* _WORK REQUEST_
Restate word for word the entries below, starting at the line with "Польща та Фундації" and ending at the line with "Corvus RGB Scan laser". Keep both end lines and omit the pictures.

* _PROVIDED RECORDS_
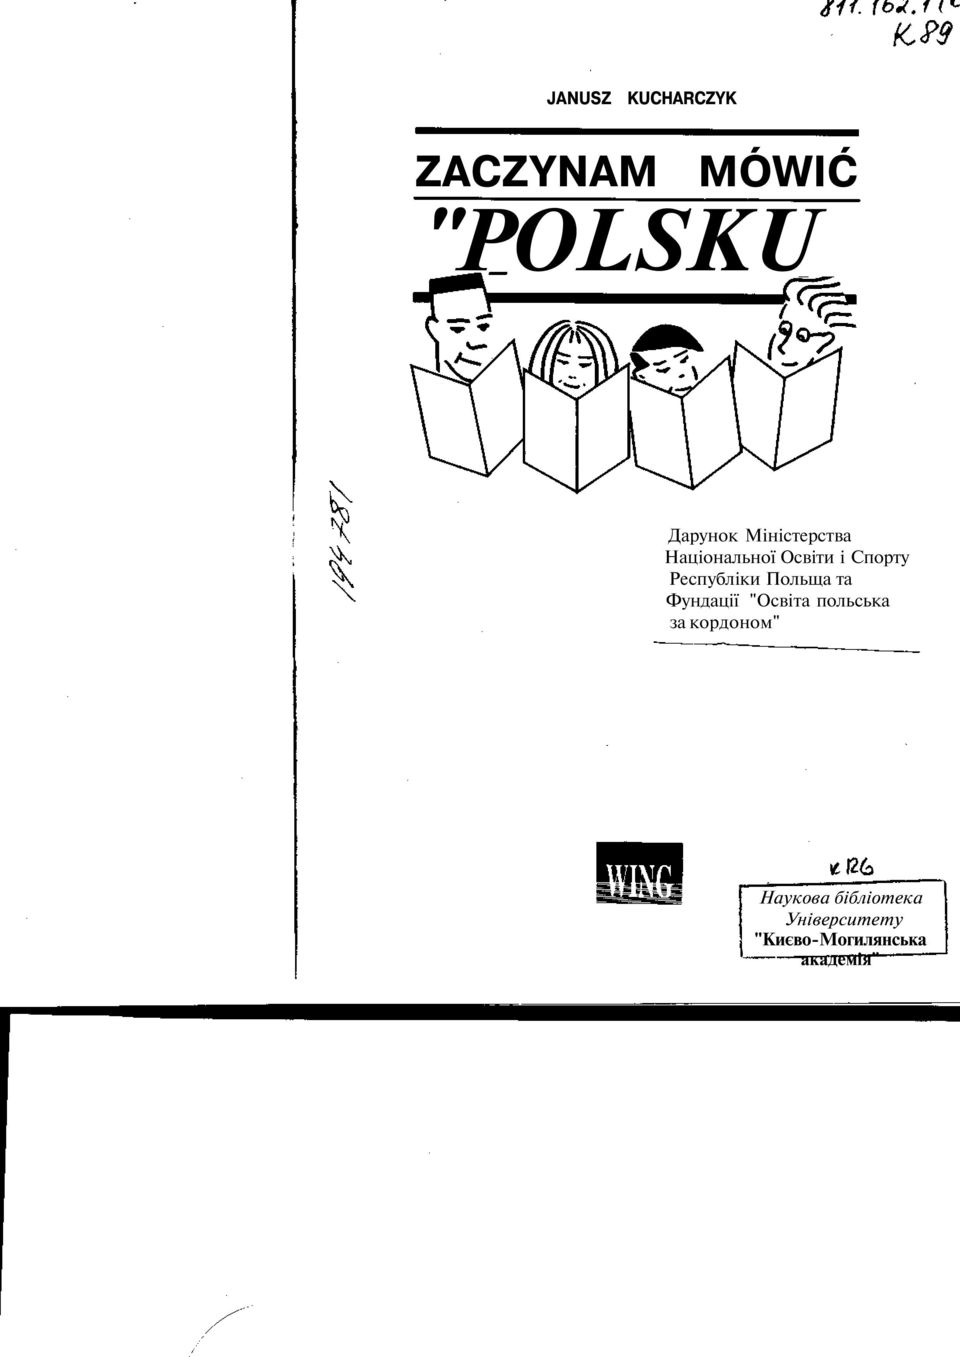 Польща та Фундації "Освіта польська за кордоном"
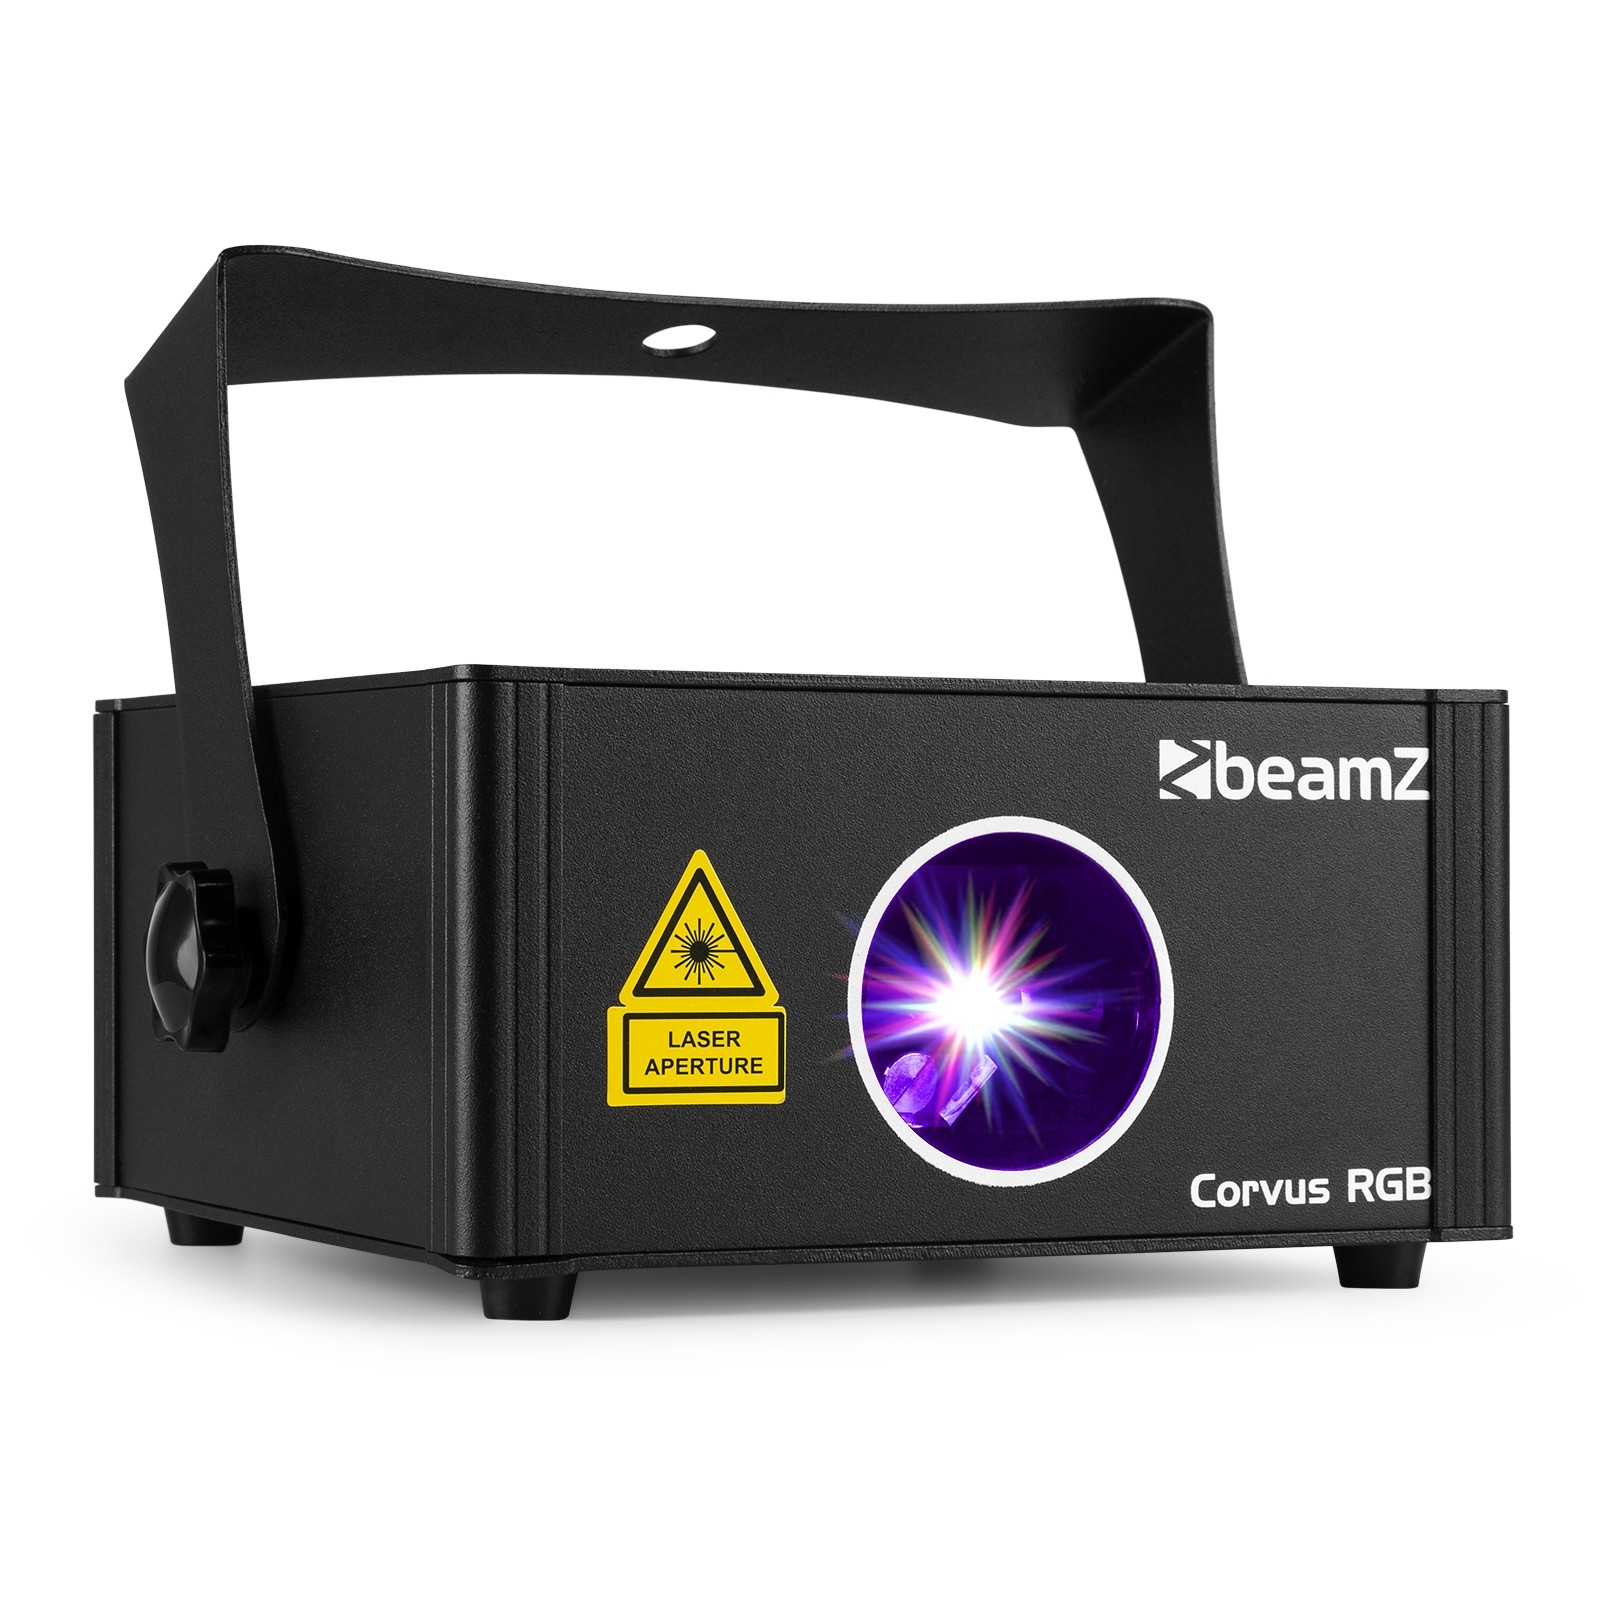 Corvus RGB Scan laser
---
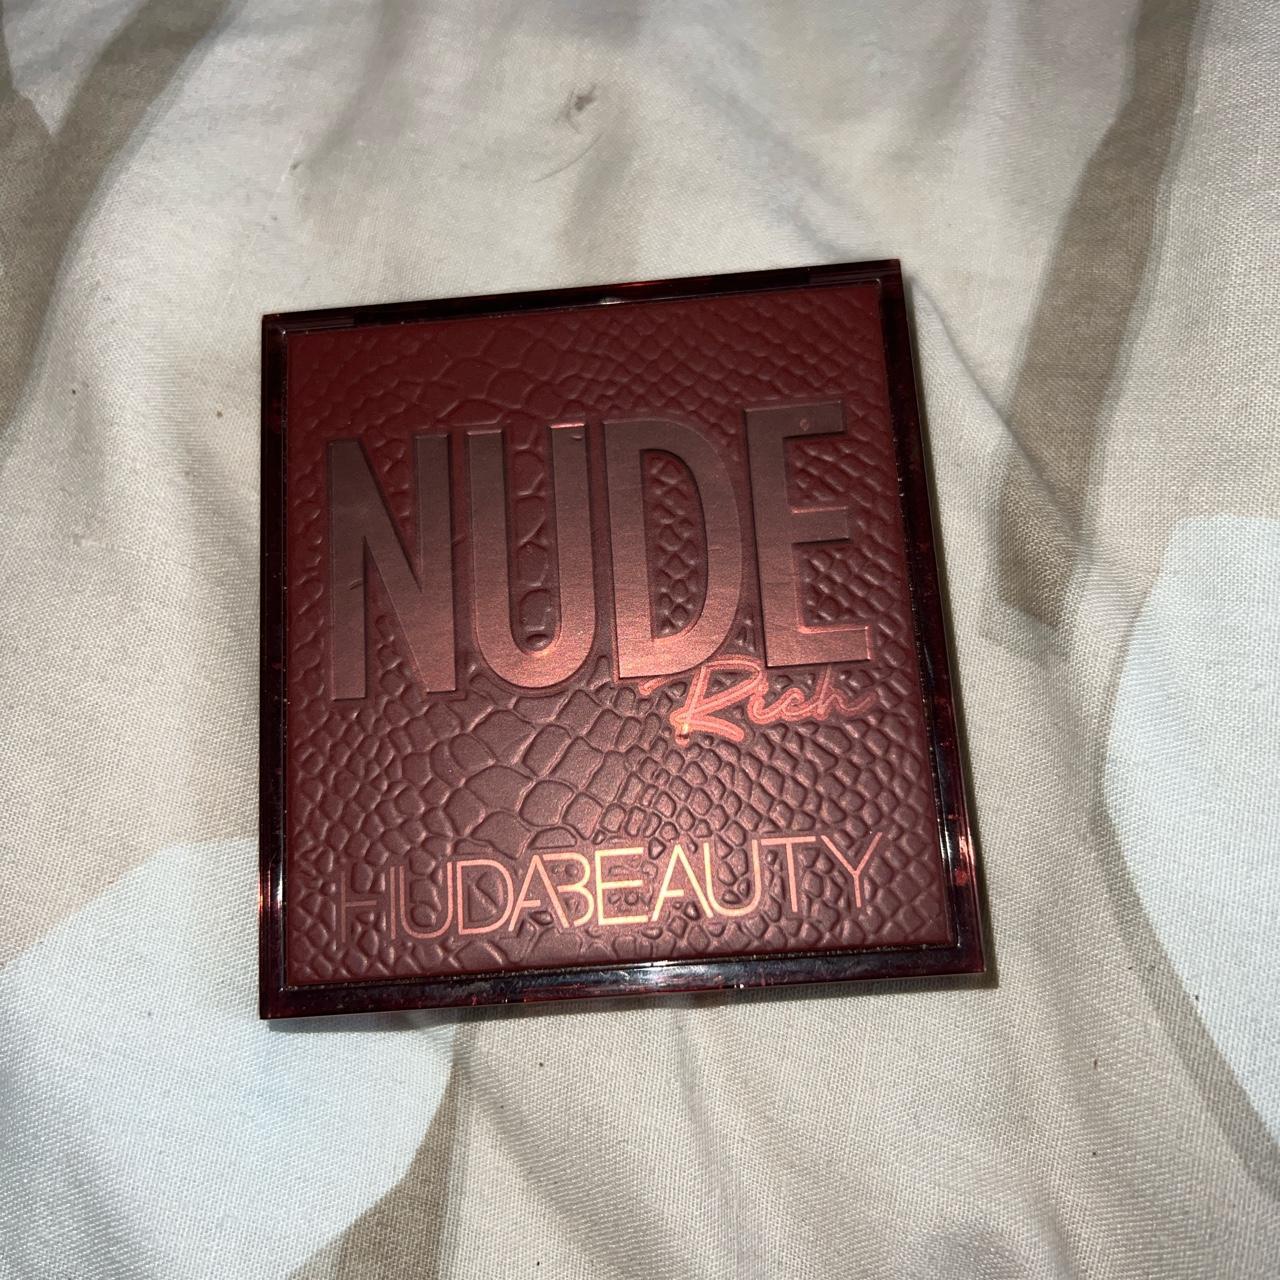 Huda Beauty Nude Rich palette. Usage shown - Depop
* * *
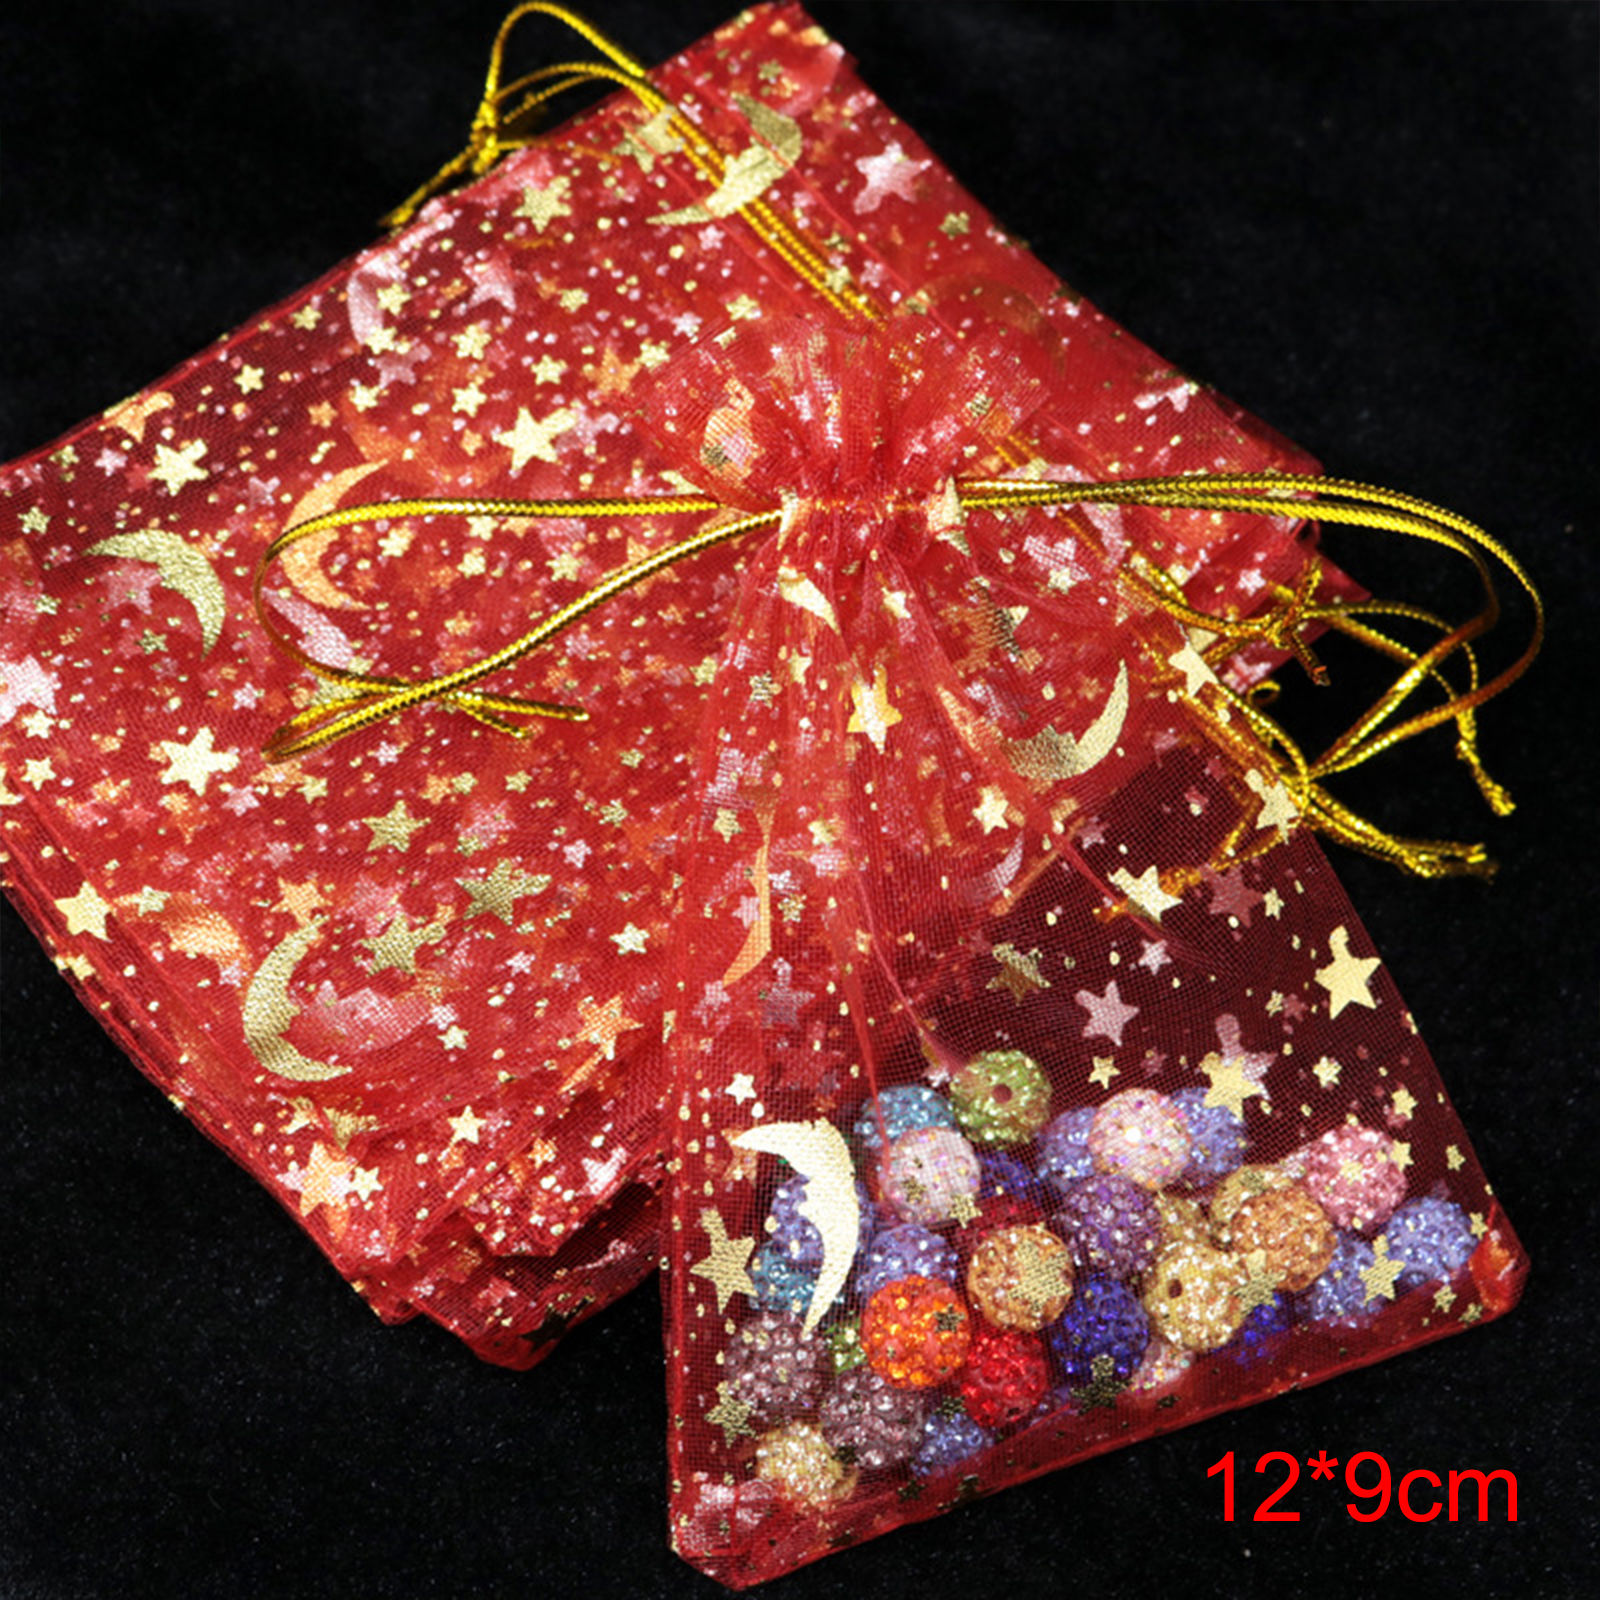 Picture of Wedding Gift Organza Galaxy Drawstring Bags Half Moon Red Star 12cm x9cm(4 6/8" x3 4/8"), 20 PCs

* _TASK ANSWER_
 Польща та Фундації "Освіта польська за кордоном"
 Corvus RGB Scan laser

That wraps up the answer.